Our group has recently described a polymorphism, SNP rs75862629, located in the intergenic region between ERAP1 and ERAP2 that can affect the expression of both genes and, consequently, of HLA-B*27 molecules [19][48]. In particular, we showed that in the Sardinian population, the G variant, implicating high ERAP1 and low ERAP2 levels, induces a reduction in the surface expression of HLA-B*27:09, but not of HLA-B*27:05 [48]. In this regard, it is known that increased levels of HLA-B*27 expression also promote AS susceptibility [49]. In principle, the “disruption” of the conventional B27 peptidome due to the over-trimming by ERAP1 could cause an increase in suboptimal peptides that are not suitable for the B*27:09 binding but good enough for maintaining B*27:05 stability on the cell surface. As we recently reported, the higher flexibility of the HLA-B*27:05 binding groove and its low dependence on a classical B27 peptidome allow HLA-B*27:05 to present a HLA-B*07 restricted viral peptide (pEBNA3A-RPPIFIRRL) lacking the B27 consensus motif (Arg2) and nevertheless promoting the activation of specific CD8+ T cells. This response is not evoked by the HLA-B*27:09, remarking the lower stringency of the peptide repertoire bound by HLA-B*27:05 [50][51]. At present, we are investigating a possible correlation between this particular CD8+ T response in the context of HLA-B*27:05 and a specific haplotype of ERAP1 and ERAP2 (unpublished data). In this context, Rowntree et al. reported that several peptides derived from viruses causing chronic infections (EBV, CMV and HIV-1), usually displayed by the HLA-A*02, HLA-B*07 or HLA-B*57, could induce alloreactive CD8+ T cell responses towards HLA-B*27 [52]. Consistently, we also showed that the HLA-B*27 molecules can present viral epitopes introduced by chimeric proteins driven by TAT of HIV through a proteasome- and TAP-independent pathway, pointing out again the high flexibility of the HLA-B*27 molecules [53].
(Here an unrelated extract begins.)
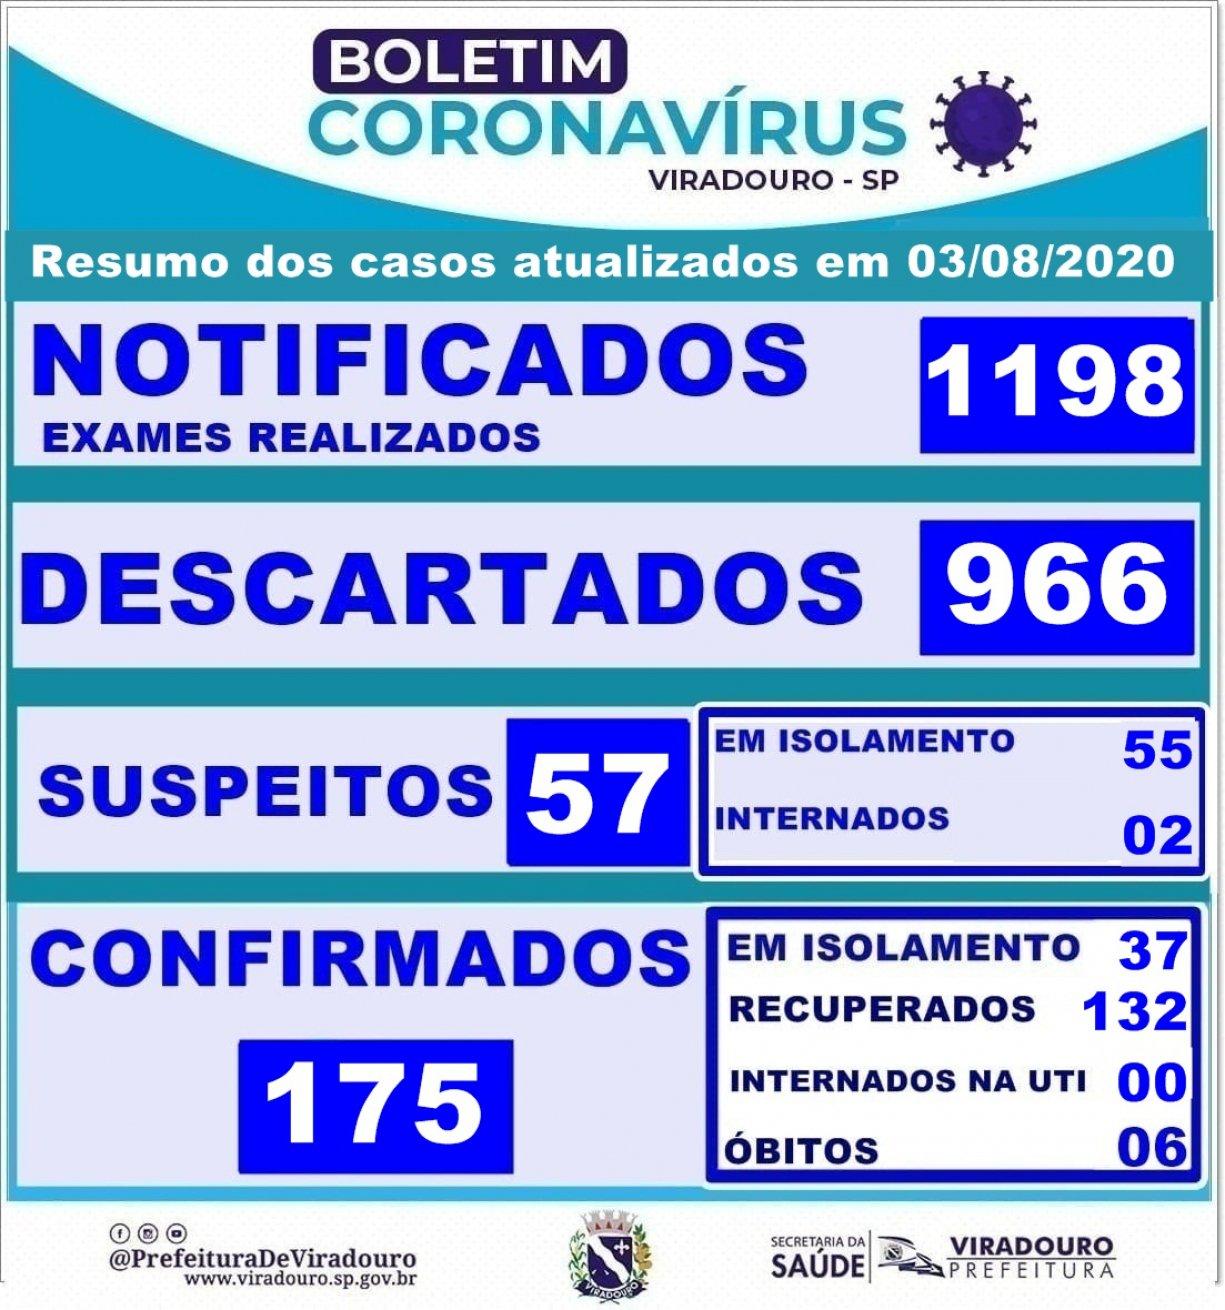 Boletim Epidemiológico Viradouro (Atualização 03/08/2020)

Another important aspect is the subclinical gut inflammation occurring in up to 70% of patients with AS as a possible consequence of microbial dysbiosis [54]. The alteration of the gut microbiota could be, at least in part, related to the activation of autoreactive CD8+ T cells towards microbial peptides displayed by HLA-B*27 [55]. Accordingly, the permissive binding of HLA-B*27:05 could enlarge the spectrum of the candidate epitopes.
The complexity of B27 peptidome, especially of B*27:05, is far from an unambiguous definition; matching mass spectrometry analyses with functional studies, could shed light on its double role as a protective factor in viral infections and as a predisposing molecule in the autoimmune diseases.